L’économie djiboutienne est de plus en plus intégrée à celle de l’Éthiopie. Vous n’êtes pas inquiet des répercussions que cette crise peut avoir sur votre pays ?

Nous sommes évidemment très vigilants. Nous avons tellement d’intérêts en commun aujourd’hui que la moindre rupture peut avoir des conséquences très douloureuses pour Djibouti, qui s’appuie clairement sur la dynamique de développement mise en place ces dix dernières années en Éthiopie. Toutes les infrastructures que nous construisons ont pour but de servir le marché éthiopien et le perdre serait une catastrophe pour notre économie.

Cette dynamique dont vous parlez a surtout été rendue possible grâce aux capitaux chinois ?

Nous n’avons pas attendu les Chinois pour comprendre, ici comme à Addis-Abeba, que nos deux pays partageaient une destinée commune et que nous devions capitaliser dessus. C’était une occasion en or pour Djibouti, que nous avons su saisir. Et la Chine est venue se greffer dessus. Elle aussi, a vu une opportunité à prendre. Et en effet, aujourd’hui, son argent et son savoir-faire consolide et cimente la direction prise par nos deux économies depuis le début des années 2000.

Les Chinois sont justement en train de construire une base militaire à Djibouti, qui sera opérationnelle en 2017. Dans quels buts ?

Il s’agit d’une base navale qui, selon l’accord signé entre nos deux pays en 2015, doit comprendre un quai et des baraquements pour accueillir 300 marins. Pas de troupes terrestres, ni aériennes. D’ailleurs il n’y aura pas de piste d’atterrissage. Les missions de ces forces seront les mêmes que pour les autres contingents installés à Djibouti à savoir, lutter contre la piraterie, protéger la route maritime, ainsi que les intérêts économiques et commerciaux très importants pour les Chinois, qui compte de très nombreux ressortissants dans toute la région.

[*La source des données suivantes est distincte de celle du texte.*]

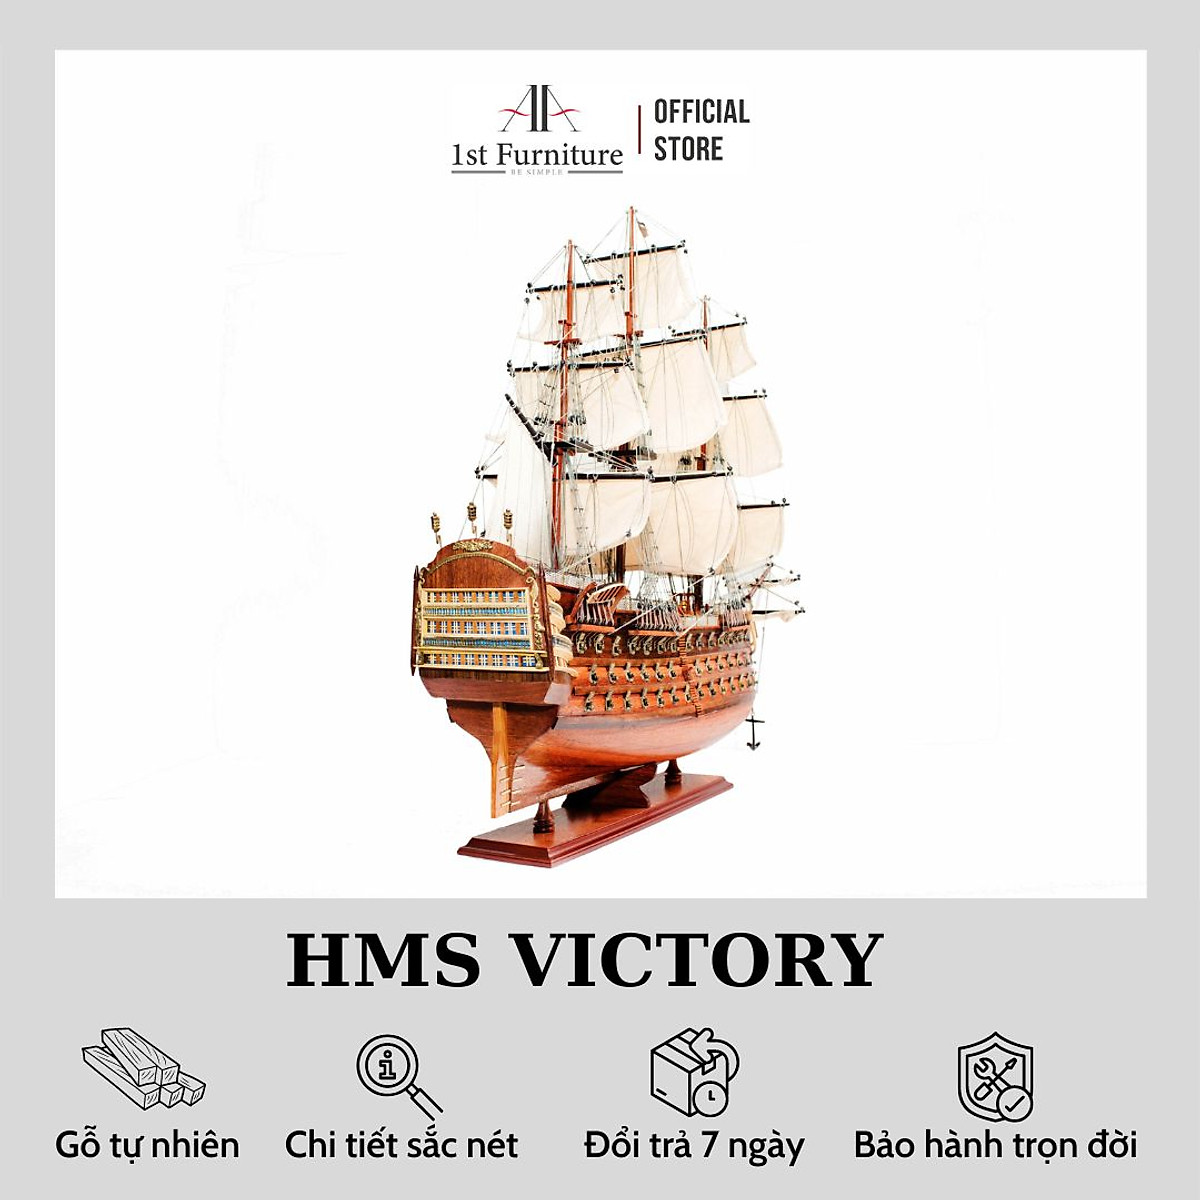 Mô hình thuyền cổ HMS VICTORY cao cấp, mô hình thuyền gỗ tự nhiên ...

Quelles sont les conditions d’obtention de cette base ?

Ils ont un bail de dix ans et Pékin paie annuellement 20 millions de dollars de redevance. Mais ce n’est pas le plus important pour Djibouti qui attend surtout des retombées indirectes de cet accord, liés aux investissements réalisés sur place par les entreprises chinoises. Nous sommes en train de développer une zone industrielle de 6 km² pour les recevoir, afin que Djibouti soit leur hub commercial pour toute la sous-région et en profite pour devenir un centre de transformation industriel, pourvoyeur d’emplois pour notre économie. C’est ça l’objectif de Djibouti.

Est-ce que cette dépendance à la Chine et à l’Éthiopie ne risque pas d’étouffer votre pays ?

Les autres pays n’ont pas jugé utile de nous aider à nous développer et ont toujours accusé une fin de non-recevoir à nos ambitions de disposer des infrastructures qui devaient nous permettre de trouver notre place dans le contexte d’une économie globalisée. Ils nous ont tourné le dos quand la Chine a accepté de nous suivre, malgré nos handicaps. Nous n’avons pas tendu la main au diable mais saisi une opportunité. Nous n’avions pas d’autres alternatives. Qui peut aujourd’hui dépenser des centaines de millions de dollars pour construire un train, des ports, si ce n’est la Chine ? Qui ne risque rien n’a rien.